We are subject to increased scrutiny in tax audits and reviews globally by various tax authorities of historical information which could result in additional tax expense in future periods relating to prior results. Reviews by tax authorities generally focus on, but are not limited to, the validity of our inter-company transactions, including financing and transfer pricing policies which generally involve subjective areas of taxation and a significant degree of judgment.
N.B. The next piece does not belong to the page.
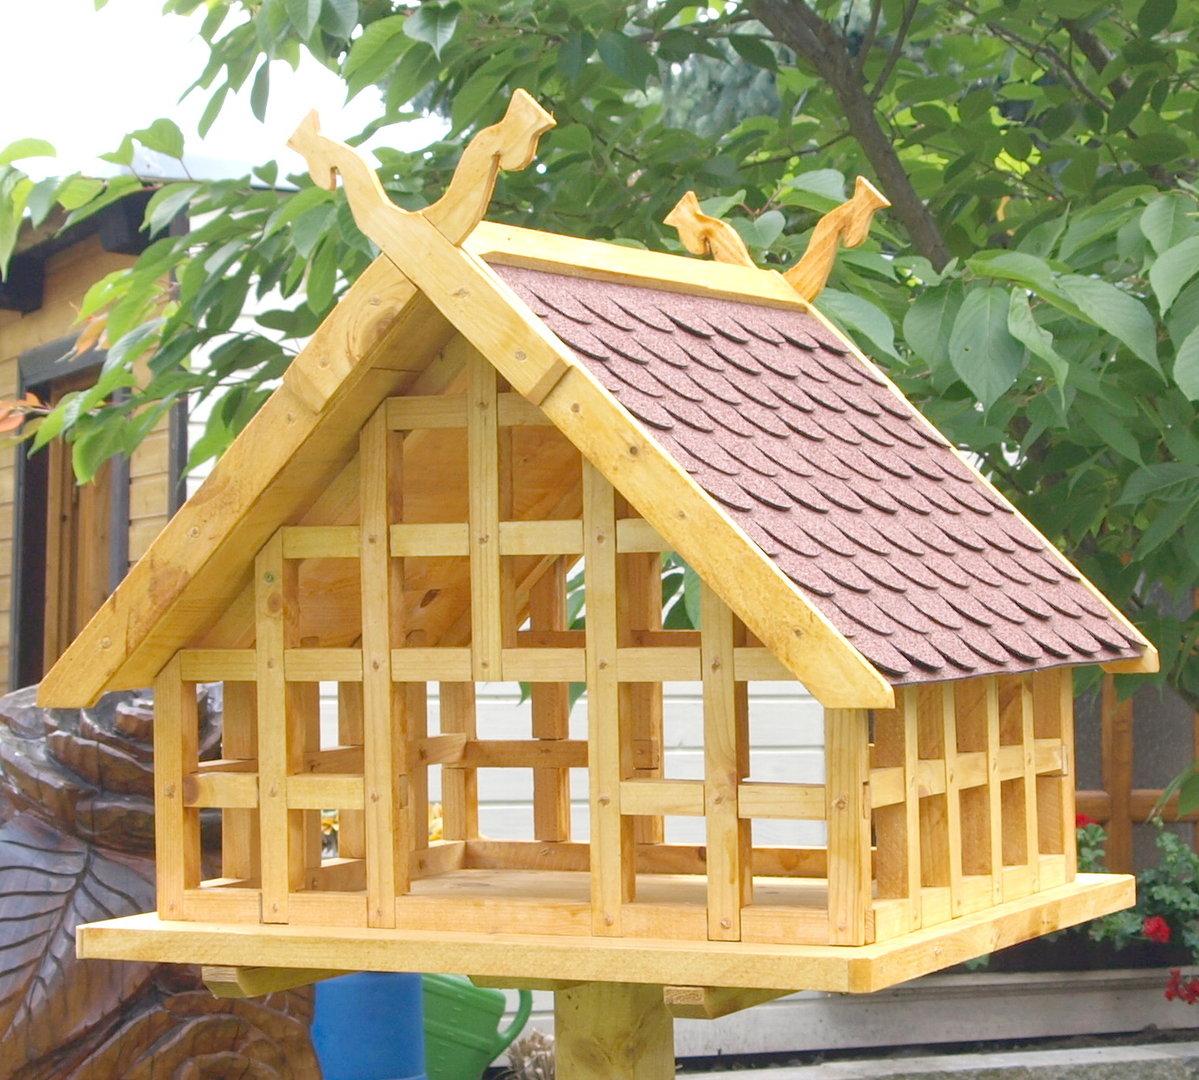 xxl spreewald fachwerk vogelhaus mit schlangenk pfen an den giebelspitzen und rotem schindeldach. Black Bedroom Furniture Sets. Home Design Ideas
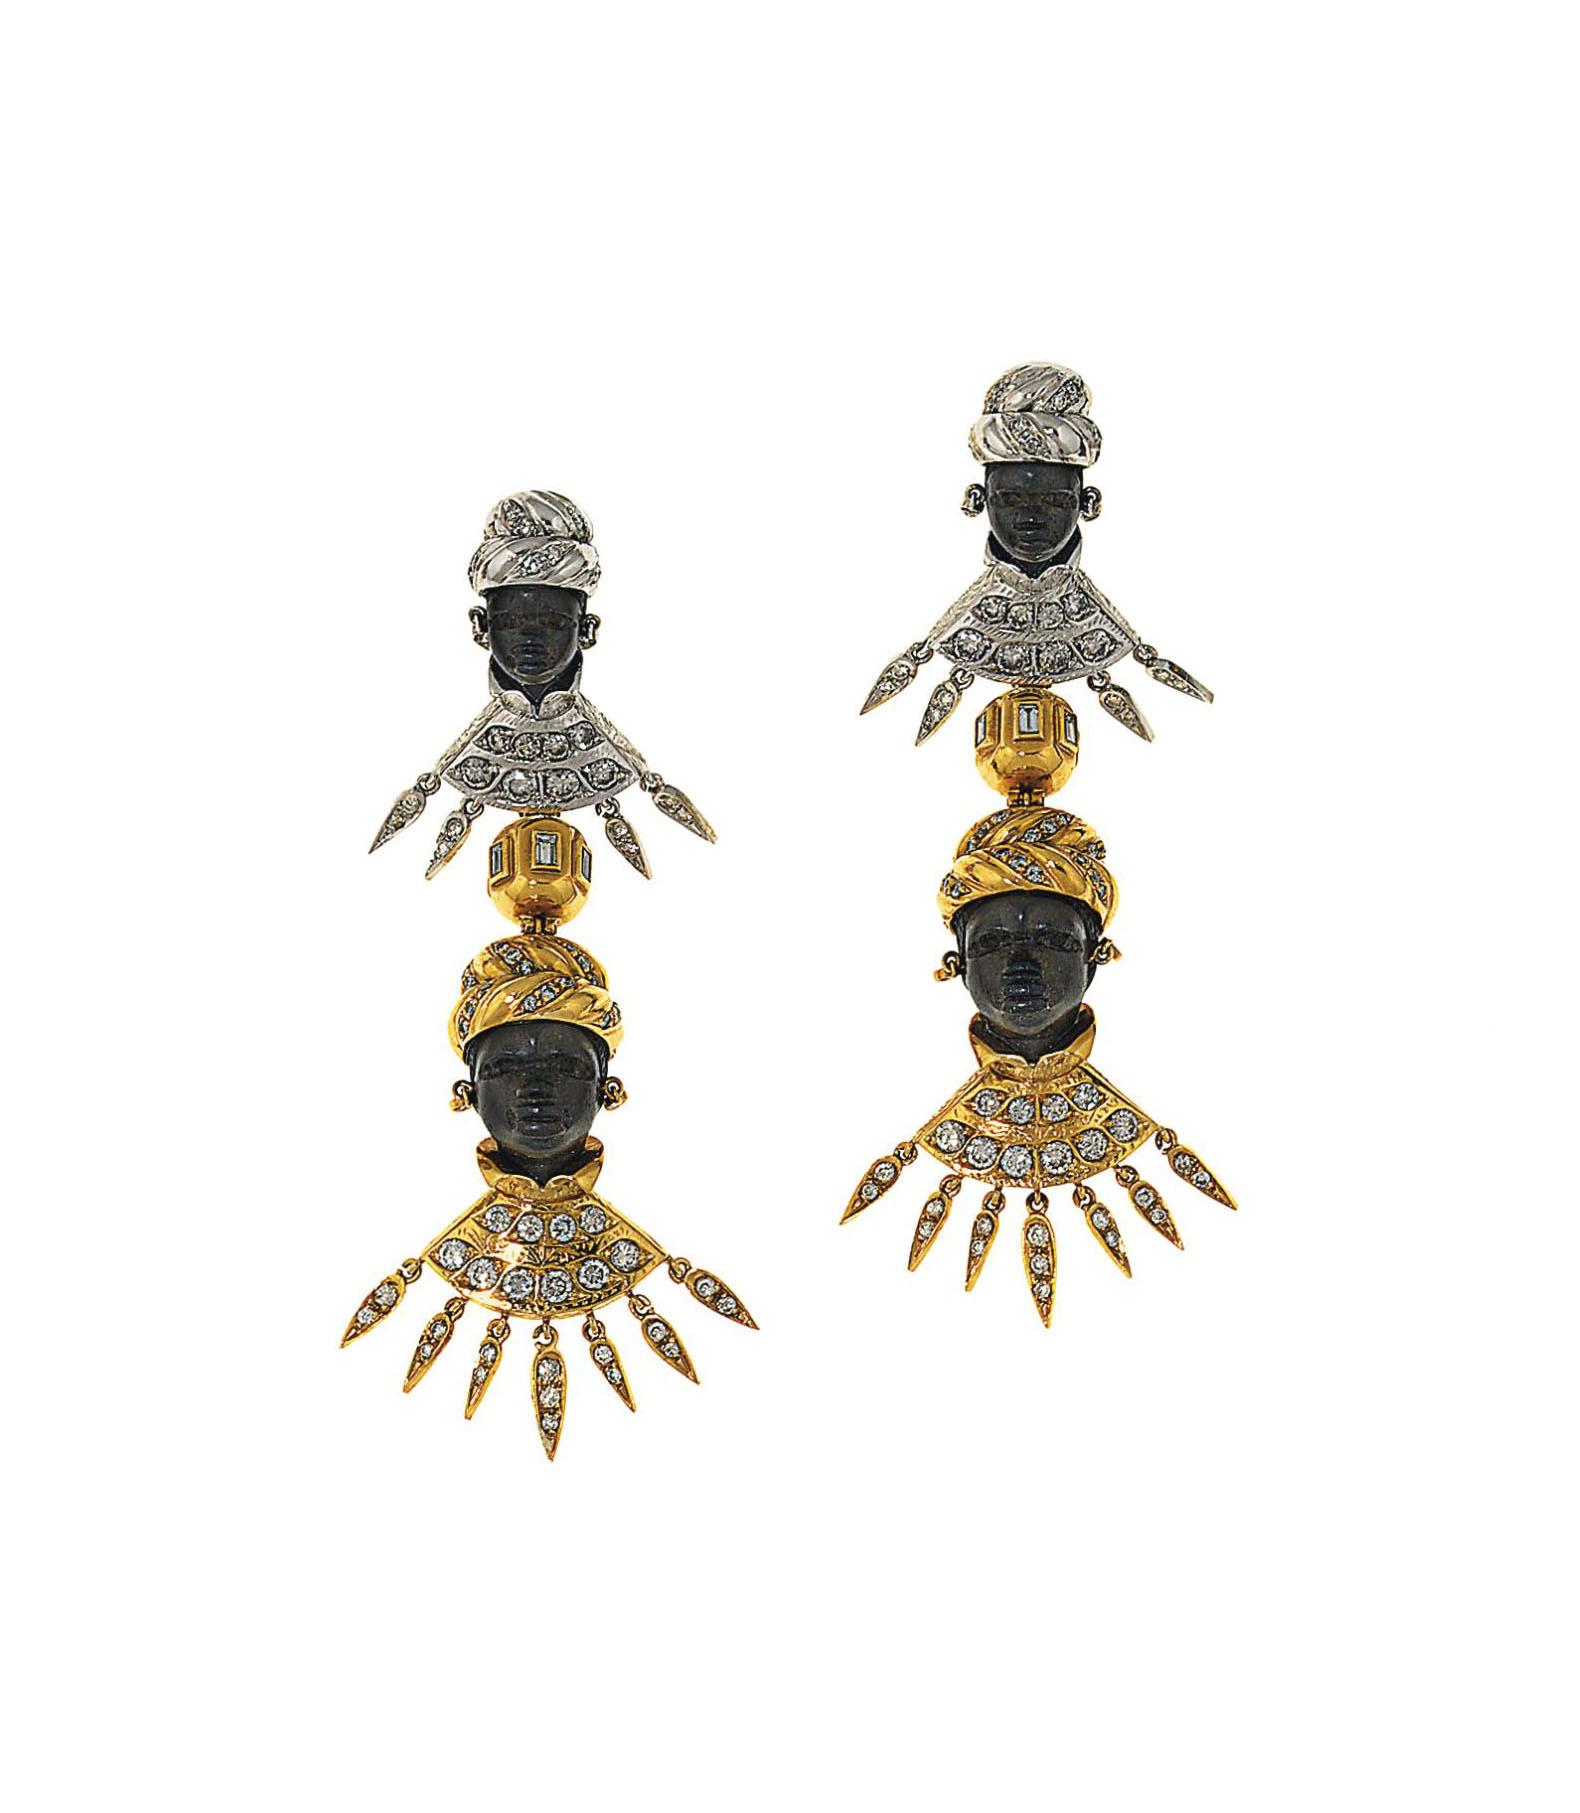 A pair of ebony and diamond-set 'Blackamoor' earrings, by Codognato

If any of these tax authorities are successful with their challenges, our income tax expense may be adversely affected and we could also be subject to interest and penalty charges.

 

In connection with ongoing tax audits in Canada, tax authorities have taken the position that income reported by one of our Canadian subsidiaries should have been materially higher in 2001 and 2002 and materially lower in 2003 and 2004 as a result of certain inter-company transactions, and have proposed limitations on benefits associated with favorable adjustments arising from inter-company transactions and other adjustments. If tax authorities are successful with their challenge, we estimate that the maximum net impact for additional income taxes and interest charges associated with the proposed limitations of the favorable adjustments could be approximately $41 million Canadian dollars (approximately $40.4 at current exchange rates).

 

Canadian tax authorities have taken the position that certain interest amounts deducted by one of our Canadian entities in 2002 through 2004 on historical debt instruments should be re-characterized as capital losses. If tax authorities are successful with their challenge, we estimate that the maximum net impact for additional income taxes and interest charges could be approximately $30.7 million Canadian dollars (approximately $30.2 at current exchange rates). We believe that our asserted position is appropriate and would be sustained upon full examination by the tax authorities and, if necessary, upon consideration by the judicial courts. Our position is supported by our Canadian legal tax advisors.

 

Tax authorities in Brazil had taken the position that income reported by our Brazilian subsidiary in 2004 should have been materially higher as a result of certain inter-company transactions. In 2011 and 2012, we received favorable Administrative Court decisions that were largely consistent with our original filing position. Although we believe it is unlikely to occur, the Brazilian tax authorities have the right to present a Special Appeal to challenge the Higher Administrative Court decision. We did not previously accrue for any potential adverse tax impact for the 2004 tax audit. Brazilian tax authorities are not precluded from taking similar positions in future audits with respect to these types of transactions.

 

We have and expect to continue to recognize the future benefit of certain Brazilian tax losses on the basis that these tax losses can and will be fully utilized in the fiscal period ending on the date of dissolution of our Brazilian subsidiary. While our ability to do so is not certain, we believe that our interpretation of applicable Brazilian law will be sustained upon full examination by the Brazilian tax authorities and, if necessary, upon consideration by the Brazilian judicial courts. Our position is supported by our Brazilian legal tax advisors.  A change to the benefit realizable on these Brazilian losses could increase our net deferred tax liabilities by approximately 50.1 million Brazilian reais (approximately $24.9 at current exchange rates).

 

The successful pursuit of the assertions made by any taxing authority related to the above noted tax audits or others could result in our owing significant amounts of tax, interest and possibly penalties. We believe we have substantial defenses to the asserted positions and have adequately accrued for any probable potential adverse tax impact. However, there can be no assurance as to the final resolution of these claims and any resulting proceedings. If these claims and any ensuing proceedings are determined adversely to us, the amounts we may be required to pay could be material.